To our best knowledge, this is the first cohort study involving both males and females to examine the association between MD and the incidence of RA. Secondly, our cohort study has investigated important potential confounders, including genetic predisposition. Additionally, external validation by a systematic review confirmed our finding. However, our study has the following limitations. Firstly, dietary information was collected using the 24-h recall questionnaire rather than the food frequency questionnaire of the past year. However, the study of Carter et al. showed that ≥2 Oxford WebQ assessments could capture usual intake habits [50]. In the sensitivity analysis, the results of using ≥3 Oxford WebQ assessments showed a similar association as the main analysis, supporting the robustness of the results.
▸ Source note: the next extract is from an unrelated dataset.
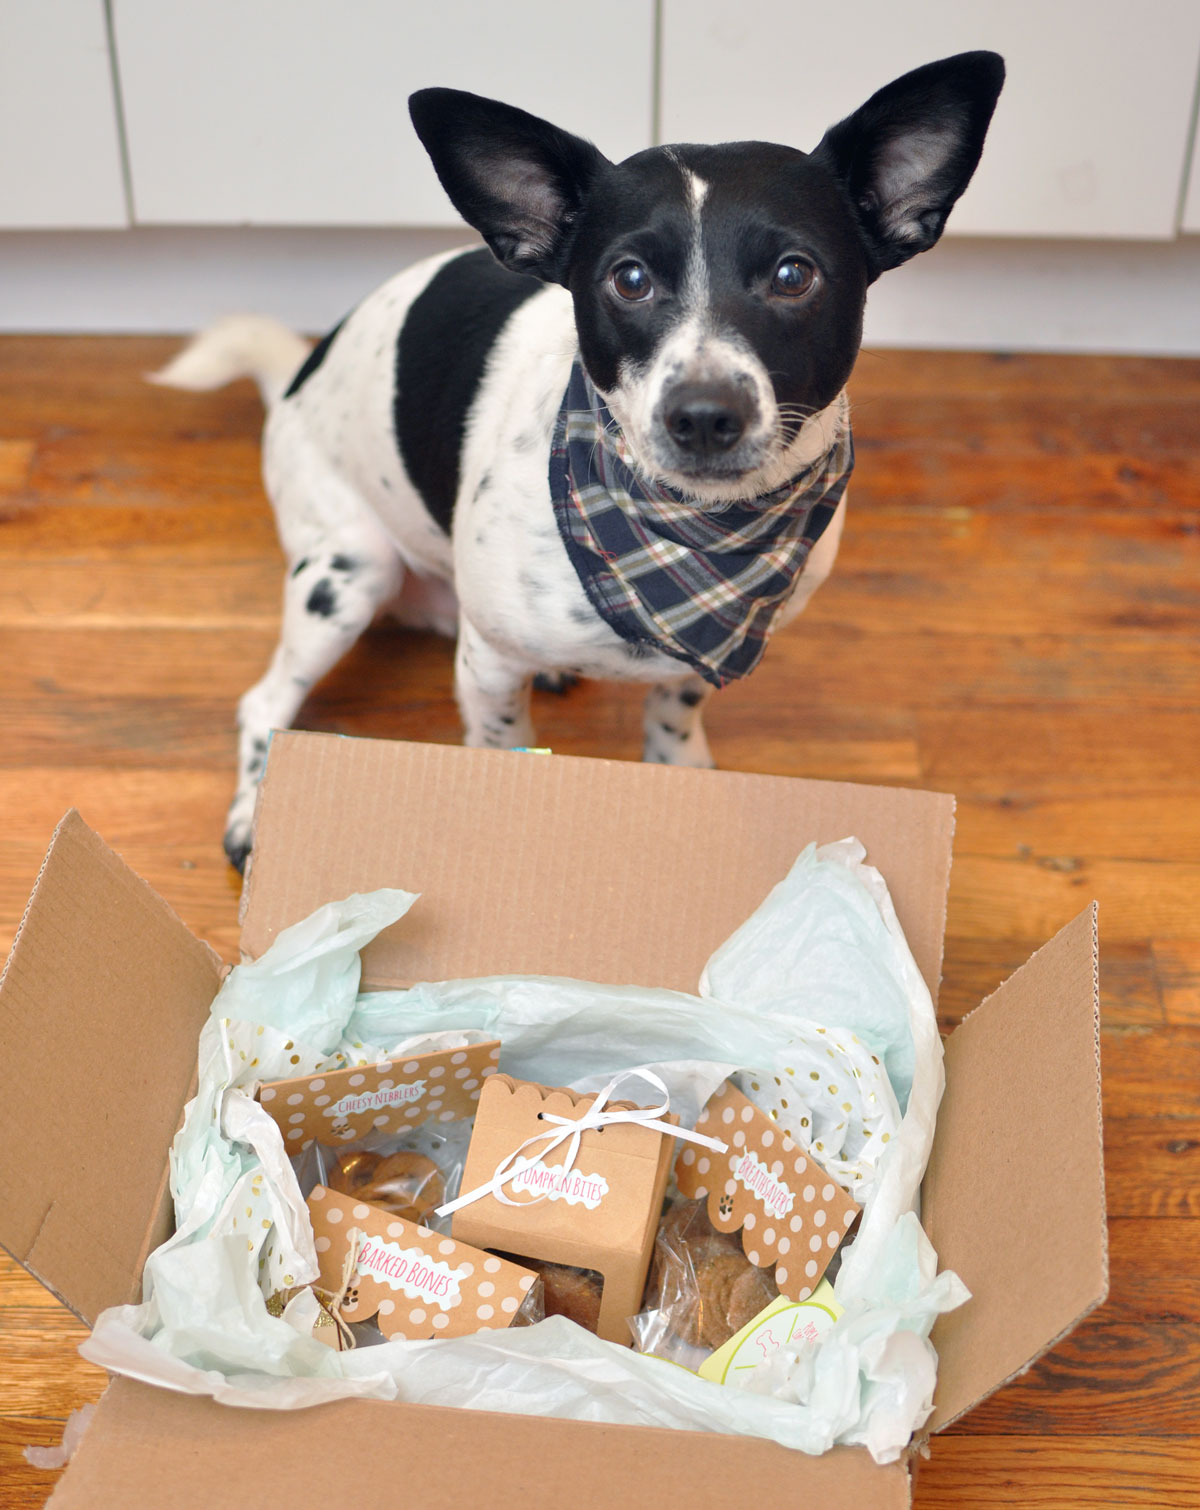 Today's Small Business Spotlight highlights Pupcake Confections, a new bakery for dogs started by Victoria Vargas, a pastry chef in Miami, Florida. Victoria sent Henry a box of goodies to try a few weeks ago, and he loved them so much that I invited her to interview for the blog!
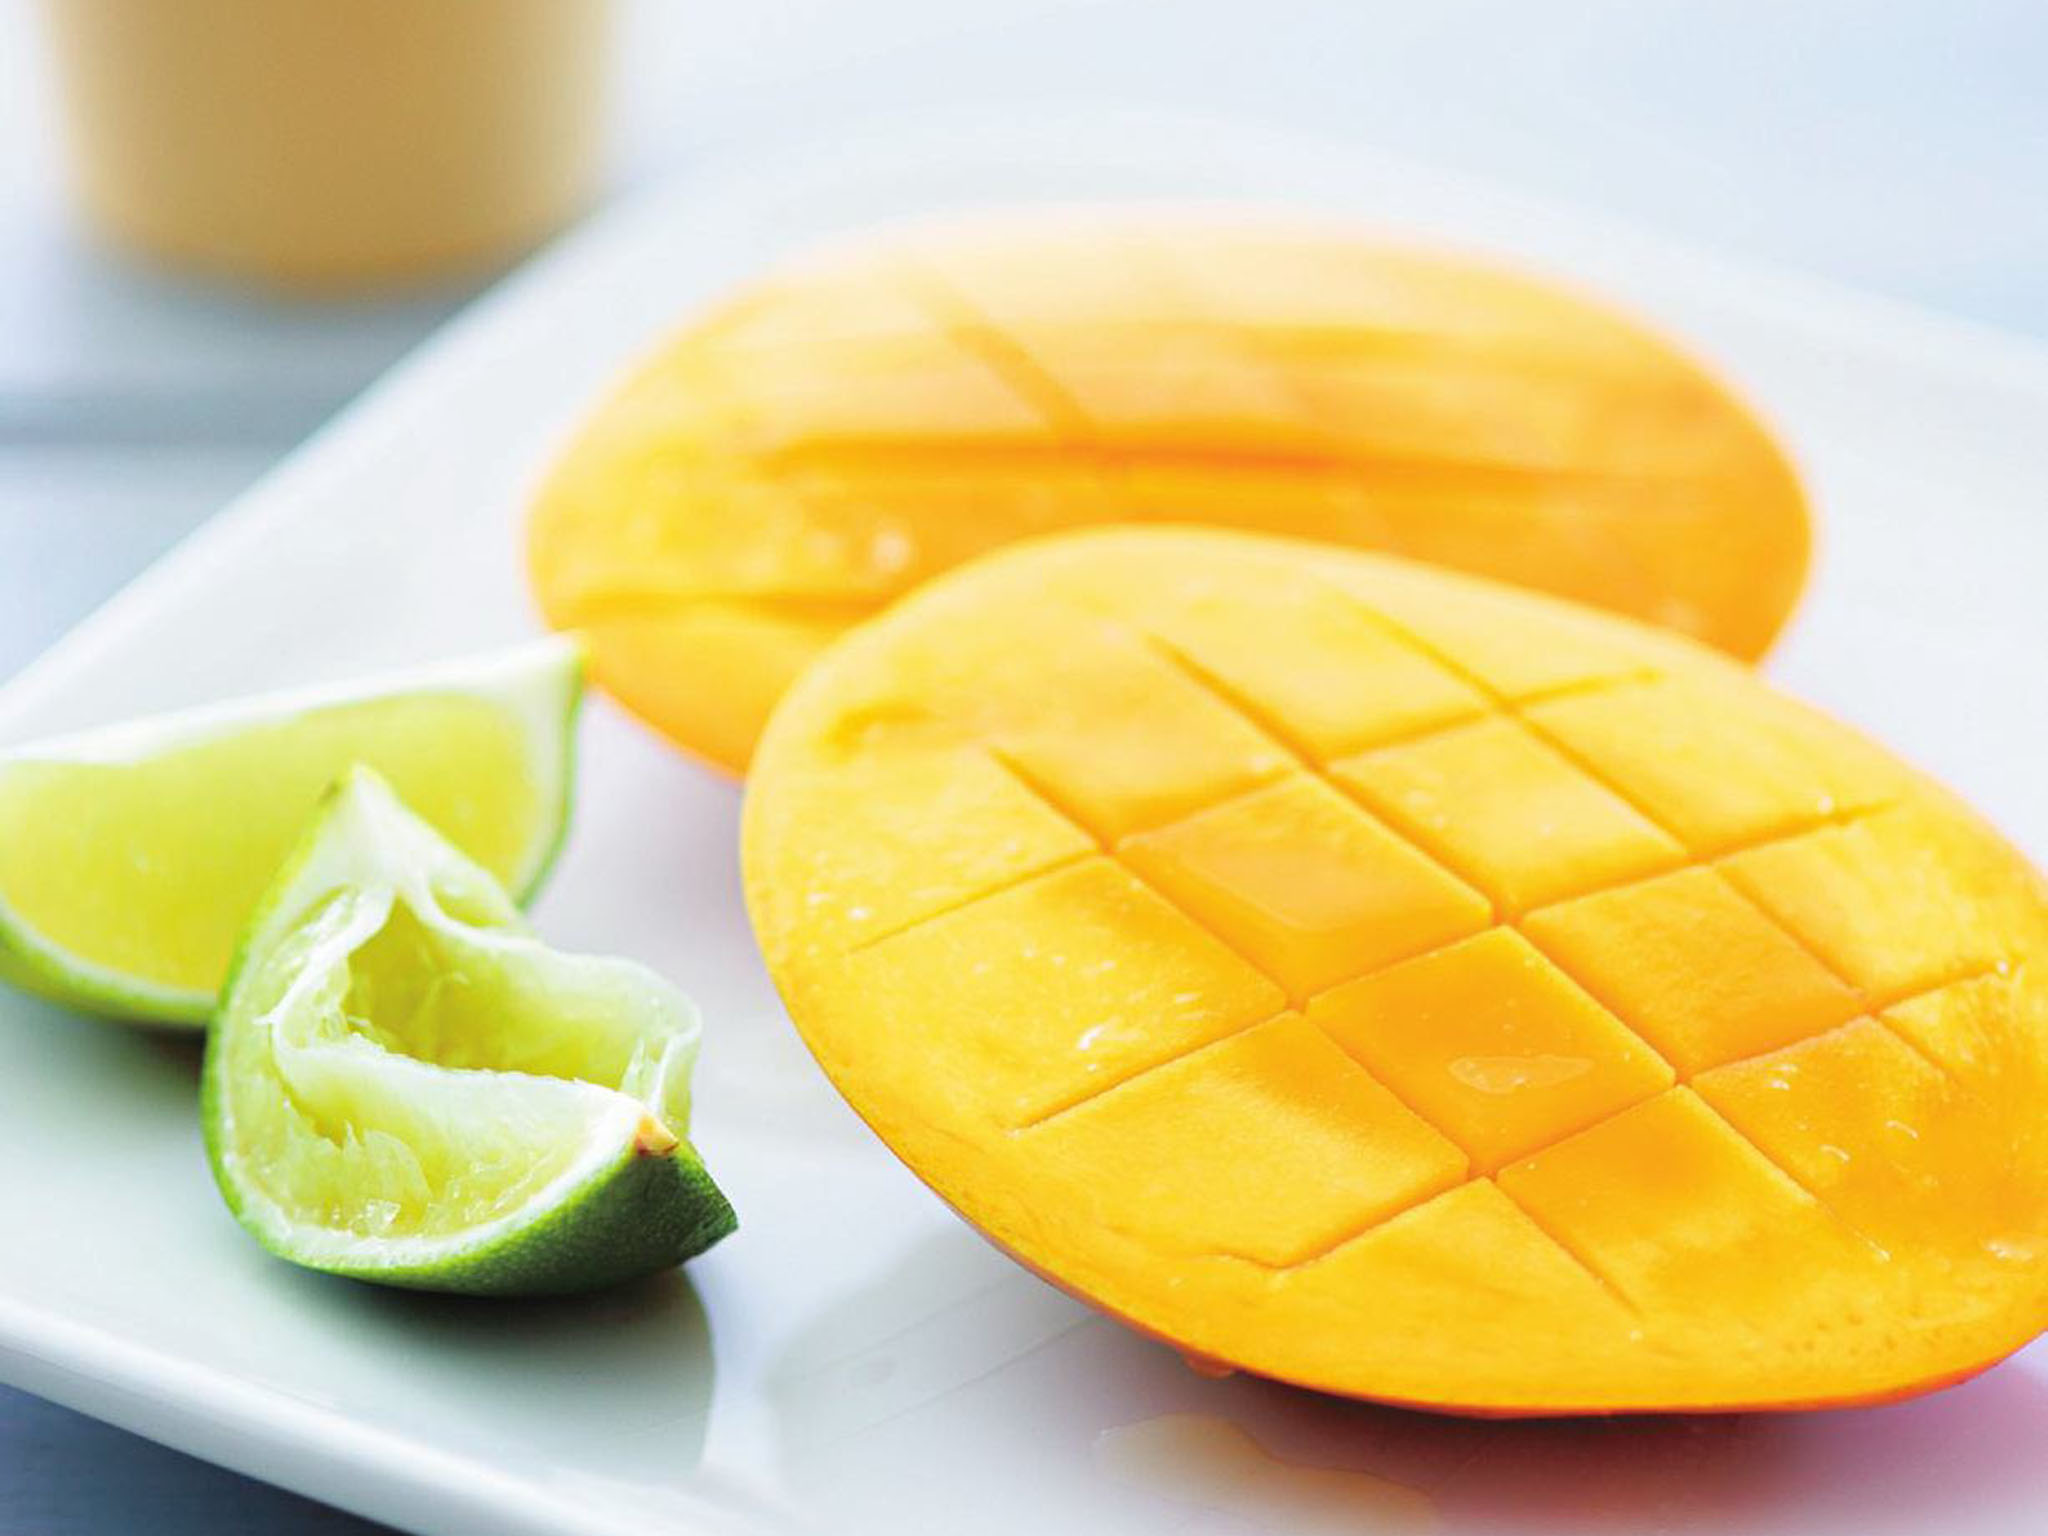 MANGO CHEEKS WITH LIME WEDGES

Secondly, compared to the general population in the UK, UKB participants were more likely to be female, healthier, older, and well educated, particularly those who voluntarily completed the Oxford WebQ [51, 52]. This may introduce selection bias, potentially leading to an overestimation of the observed association in our study, as healthier and better-educated participants may have more favorable overall lifestyle factors [53], which could independently contribute to a reduced risk of RA. Thirdly, although many confounders have been considered, residual confounding may still arise from unmeasured biological variables (e.g., gut microbiome composition) or socioeconomic factors (e.g., food accessibility). Fourthly, the dietary information and the potential confounders were only measured at baseline, without dynamic follow-up. This may fail to capture the changes in these factors during the study period, which could hinder obtaining more accurate estimates of the observed associations. Lastly, the studies included in the systematic review primarily involve the Western population. Given that cultural traditions and geographical ___location influence adherence to MD [54, 55], and genetic polymorphisms are known to modulate nutrient metabolism pathways [56], the extrapolation of the observed associations to other ethnic populations may be limited.

Conclusions

Higher adherence to MD was associated with a lower risk of RA. Our finding emphasizes the importance of diet in RA development and provides novel directions for the prevention of RA. However, further investigations are required to fully understand the exact mechanisms involved.